The recent delivery of THAAD antimissile systems to Seoul, on the other hand, has already provoked the ire of Beijing as they are seen to tangentially and negatively weaken Beijing’s security. Beijing believes that the THAAD system’s radar capabilities extend into Northeastern China, enabling the U.S. to approximate the location and number of nuclear and non-nuclear missiles with the effect of eliminating their deterrence capabilities.

In reaction to the recent delivery, Beijing has made it unequivocally clear at the ministerial level and military level that the THAAD installment will result in a military escalation. Beijing has already stepped up its pressure on South Korean companies through banning tour groups, canceling cultural performances and threatening South Korean blue chip firms such as Lotte.

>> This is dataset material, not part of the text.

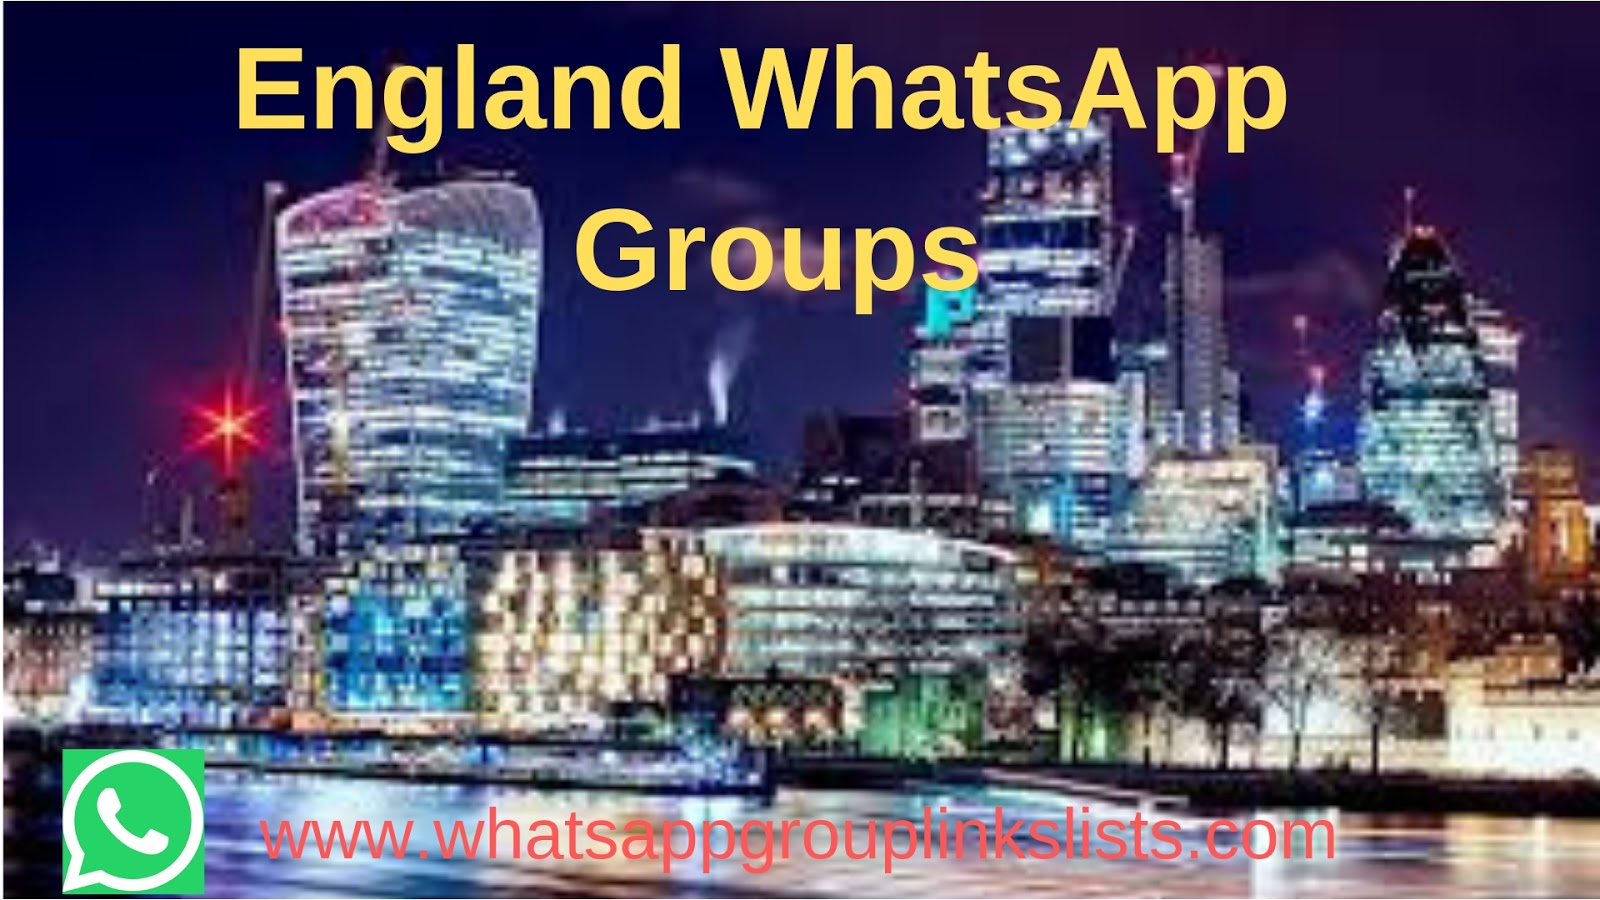 Join England WhatsApp Group Links list

Tillerson’s visit to Seoul is further complicated by the recent impeachment of President Park Geun-hye and the potential election of Moon Jae-in, who promotes a softer stance on North Korea and is not supportive of the THAAD installment. As in Tokyo, the secretary will need to stress the centrality of U.S.’ commitment to South Korea’s defense while at the same time recognizing that his country’s hard-line approach on North Korea complicates South Korea-China relations and potentially instigates more belligerence by the North.

The economic dimension of South Korea-China relations is an area that Tillerson will have to be particularly cognisant and supporting of if he is to ensure that the THAAD installment does go ahead as planned.

The third leg of Tillerson’s visit to East Asia will be to meet Chinese Foreign Minister Wang Yi to start the process of arranging a bilateral meeting between Trump and Xi. With different views on how to deal with North Korea, the THAAD installment, a consolidated Japan-U.S. partnership in the region and Trump vowing to get tough on China, the conditions seem unfavorable for a more cooperative, proactive stance on North Korea and for developing win-win Sino-U.S. relations in the short to medium term.

Tillerson’s task will be to ensure that the U.S. under Trump acknowledges China’s core interests of state sovereignty; national security; territorial integrity; national reunification; China’s political system established by the constitution and secured by overall social stability; and basic safeguards for ensuring sustainable economic and social development.

For Beijing, these are the minimum requirements for moving forward in terms of bilateral relations.

That being said, the secretary’s mission to East Asia and China in particular is to recalibrate U.S.-China relations to be more representative of the evolution of the economic, political and security changes in their relationship since normalization. This recalibration will no doubt entail pushing back against China’s claims in the East China Sea, South China Sea, and a provocative and highly destabilizing North Korean regime. All of these would be welcome in Seoul and Tokyo.

At the same time, assertive demands on what China deems its core interests, especially in the year when the Communist Party’s new Standing Committee will be appointed, risks increasing tensions in an already downward spiraling relationship that would have negative bilateral consequences.

These increased tensions could further embolden North Korea or see destabilizing actions in the East China Sea and South China Sea as proxies for U.S.-China problems.